Arcadia
Notions of home are as much a projection of our dreams and memories as they are the bricks and linen cupboards that anchor them. Tangled in the sheets of inner-urban Melbourne, Arcadia is a fever dream of pastoral histories.
Shafts of light lend weight to rustic walls; burnt-out chimneys dot the landscape, some still burning; distant views draw the eye; inside and out, the house is ablush with the perpetual hue of an early rise and an early rest. It’s enough to get the roosters crowing.
Location | Brunswick |
Completed | 2020 |
Awards | 2022, National Architecture Awards, Eleanor Cullis-Hill Award |
2022, Victorian Architecture Awards, John & Phyllis Murphy Award | |
2022, Houses Awards, commendation | |
2021, Architeam Awards, winner | |
Construction | Moon Building Group |
Landscape | Amanda Oliver Gardens |
Photography | Tom Ross |
Media | The Local Project |
The Design Files | |
Details | See floorplans |
The following texts have been extracted from our clients’ brief:
Fin is from rural New Zealand. It is a vast landscape with mountains and braided rivers cutting through the plains that wedge them apart. It has a big sky and never gets that hot. In winter, the woodfired range never went out.
Tim is from the west coast of South Australia. It’s also a vast landscape, but dry as a biscuit for the most part and 1000 km to the nearest river. It’s all white beaches, scrubby sandstone islands and granite boulders with rolling hills and fields of wheat and canola. The sea is everywhere you look and defines the landscape more than the land itself. In summer there’s a lot of talk about what time the sea breeze will come in and how refreshing it might be.
These places are still firmly in us, even when we are not in them. They are places where it’s impossible to feel hemmed in. You can’t avoid the landscape, and you certainly can’t avoid the weather. You can see for miles and there’s always something familiar on the horizon you can find to get your bearings when you’re feeling a bit lost or out of sorts.
We love living in Melbourne, but sometimes we have to work to find the things that make it feel like home. When we do, it’s things like standing on tip toes on the front verandah to see the tops of the skyscrapers in the distance, watching how the light on the neighbours’ chimneys changes in the evening, and noticing when it’s bat o’clock with waves of our gothic neighbours striking out into the night.
We want to create a home that gives us a place to anchor ourselves and grow into.
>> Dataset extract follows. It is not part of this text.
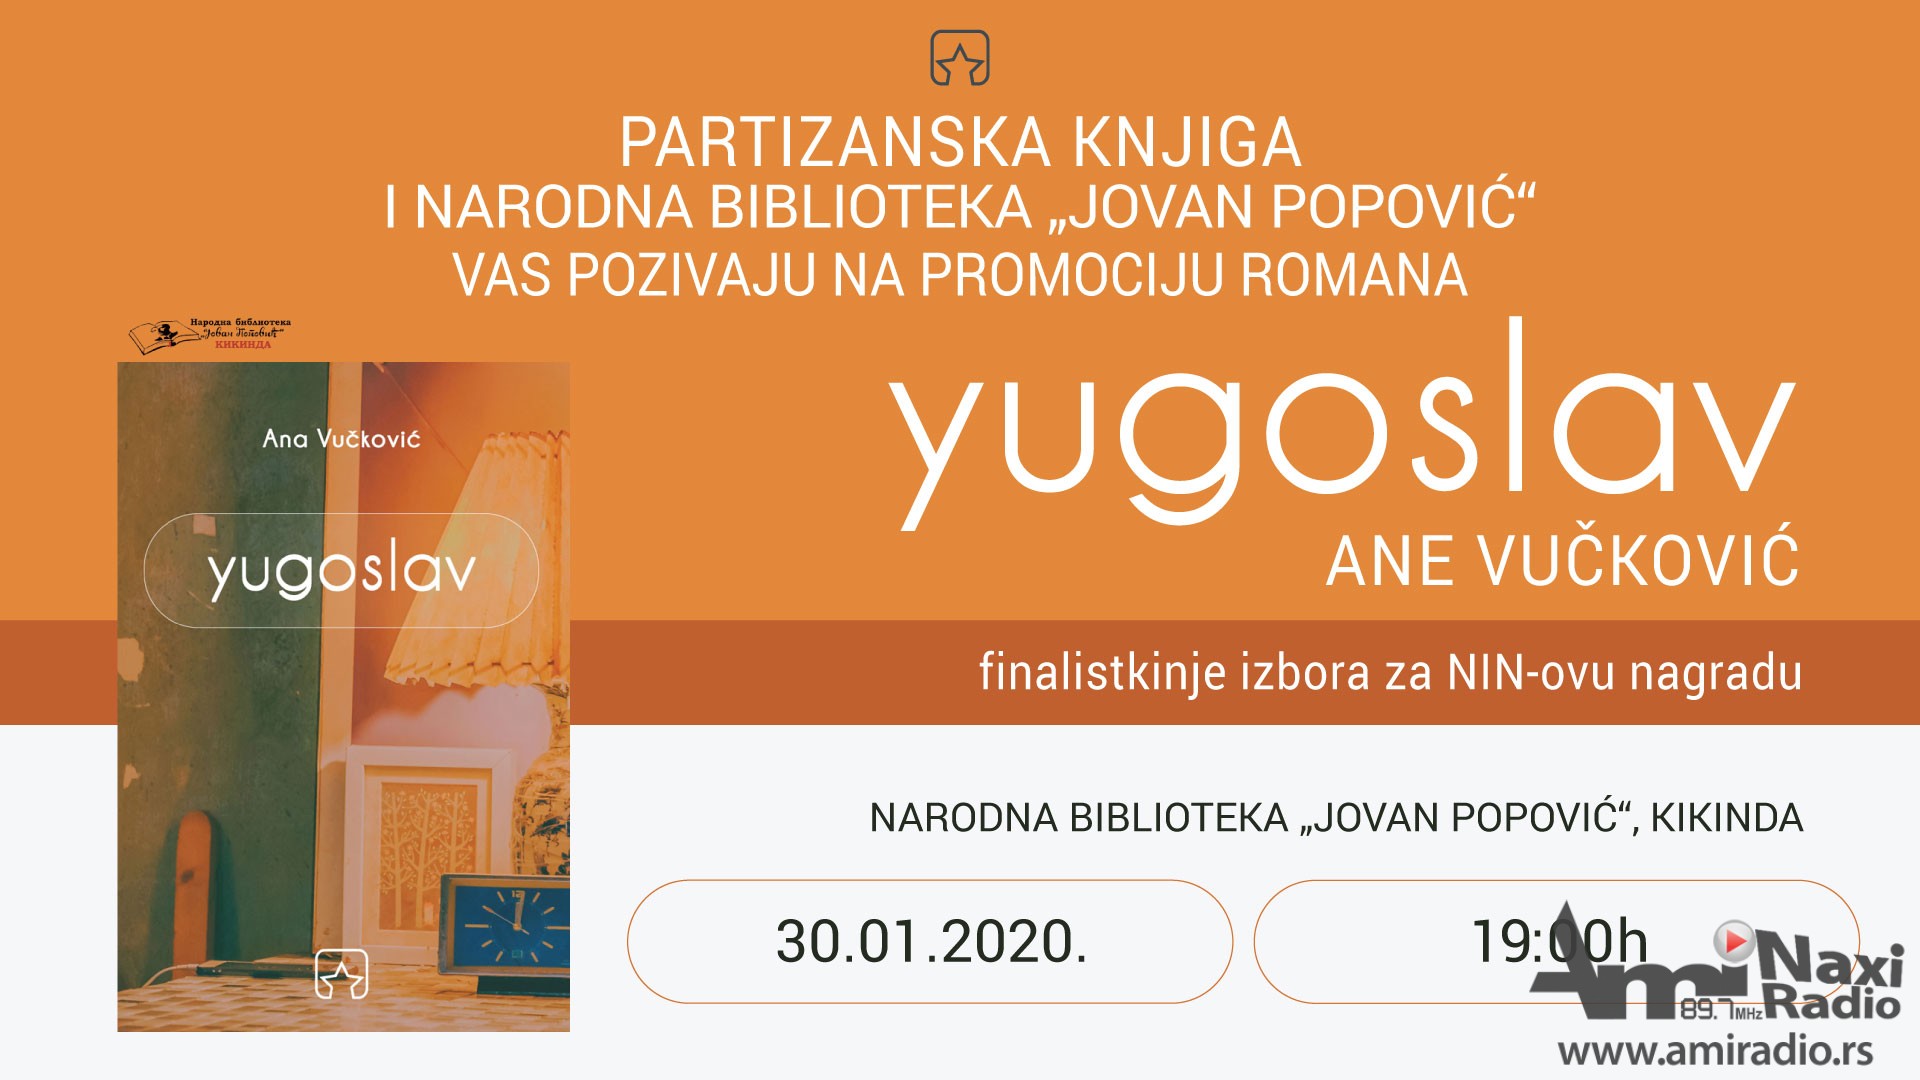 Promocija romana „Yugoslav“ u četvrtak u Biblioteci

We want somewhere that will protect us and hold us, but more of an eyrie than a bunker. We don’t really have a list of exactly what we want in terms of rooms, but we do have a pretty good idea about how we want our home to feel.
We would like a thoughtful use of textures and colours - natural materials that have character, but do not visually overwhelm. We aren’t afraid of materials that will change with time and use. Craftsmanship over fashion is something we care about.
We’ve discussed the idea that the whole site functions like a garden path, with changes in materials, textures, shading, light and outlook evolving as you move through, so that you feel drawn on to the next space, all the way from the front gate to the laneway out the back. Moving through there’s some sense of adventure - some wonder about what comes next.
We genuinely enjoyed working with the Aa team to create and bring our project to life. Their authentic, thoughtful approach was exactly what we had hoped for and means that we now have the privilege to live in a house that brings us joy every day.